Fraunhofer-Gesellschaft
Reforming pharmaceutical legislation could make the supply of medicines more secure and strengthen Europe’s competitiveness.
When I began my career, thirty years ago, one in every two new medicines originated in Europe. Now it’s just one in five. Over the last two decades, Europe has lost a quarter of its share of global pharmaceutical R&D investment, most notably to the U.S. and China. In today’s era of breakthrough innovation and intense global competition for cutting-edge science, the question is not if medical progress will happen, but rather where it will happen. Do we want the European Union to be dependent on innovations from other regions around the world? Or do we want it to recognize the importance of innovation and reward it accordingly? If we take the latter path, it would benefit patients, drive investment, create jobs and spur economic growth. Europe needs to address its competitiveness crisis and healthcare challenges. There are real concerns about sovereignty, national security and supply chain resilience. Trade tensions are creating uncertainty, inciting European pharmaceutical companies to announce massive investments in the U.S. But “sweet are the uses of adversity”. Today the pharmaceutical industry — the largest contributor to the EU trade surplus and a provider of 900,000 jobs in the region — is finally being recognised as a key strategic sector in significant statements of intent and by decision makers at the highest level. We need now to rapidly turn this intent into policy change if we are to build a healthier and more competitive Europe. The most imminent opportunity to do so is through the General Pharmaceutical Legislation (GPL).
We need a Europe that attracts innovators and investment.

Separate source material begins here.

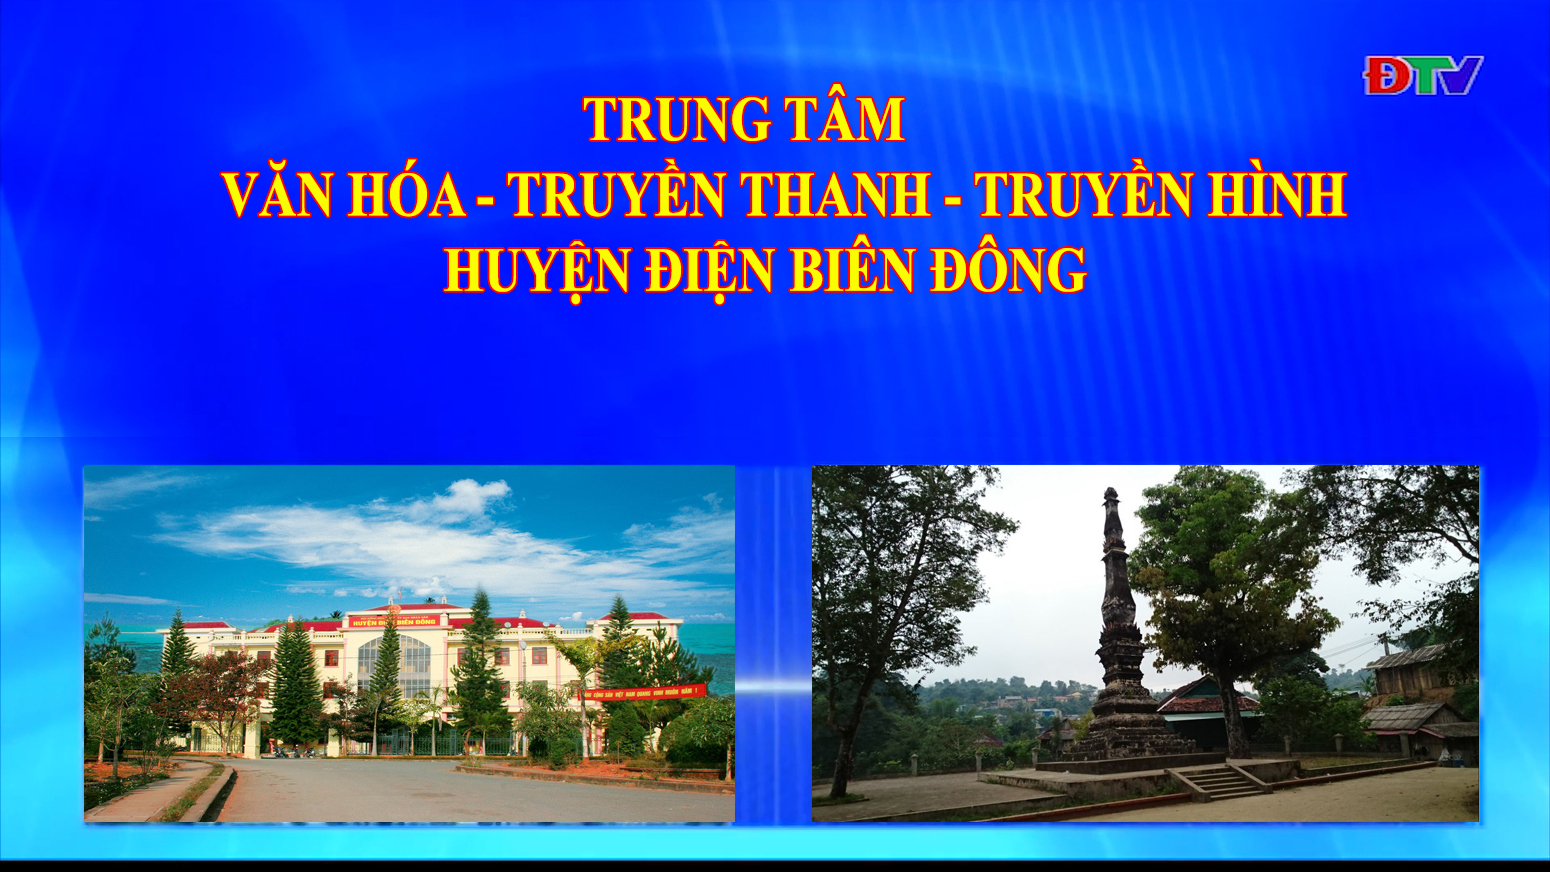 Trung tâm VH-TTTH huyện Điện Biên Đông (Ngày 6-3-2021)

Europe is entering the final stages of the legislative process for the GPL, which will define how medicines are developed, authorized and made available across Europe for decades to come. Despite the need for predictable, world-class Intellectual Property (IP) protection to offset the high-risk nature of medical R&D, proposals include a reduction of current regulatory data protection. Bayer’s decisions on research, development and production locations are based on a range of factors that, in combination, afford us the best chance of successfully bringing novel medicines to patients. It is imperative that Europe use this legislation to strengthen its IP in order to be competitive.
We need a Europe that accelerates the translation of ideas into applications.
Europe has world-renowned academic institutions and a highly skilled workforce. Yet it struggles to turn breakthrough science and research into commercially viable products. One way to improve this is to foster life science hubs, as in San Francisco or Boston, where all stakeholders across the public and private sector can flourish. We need to nurture our start-ups so that they do not need to look abroad for financing or fail before they have the chance to deliver for patients. Indeed, if Europe is to remain an engine room of innovative medicine, we need to reinvigorate financing at all stages of development.
We need a Europe where Europeans get fast and equitable access to medicines.
It is unacceptable that patients in the EU have access to less than half of all approved innovative medicines. Nor that the average time from approval to patient access now amounts to 578 days. These delays and disparities arise from a combination of factors largely tied to Member States’ medicine access and reimbursement processes. Urgent and real dialogue among industry, European institutions, and national policymakers will be essential to create harmonized EU mechanisms and national access strategies that value and reward innovation and ensure medicines are accessible to everyone in Europe.
We need a Europe that acknowledges health expenditure for what it is: an investment in our collective future.
The healthcare industry helps people live longer and feel better, while driving prosperity, resilience and security. Yet, in Europe, policymakers and society at large often view innovative medicines solely as a cost rather than an investment in health and the economy. This perception needs to change. Only by doing so will Europe remain at the forefront of medical research, development and manufacturing. I am confident that it will.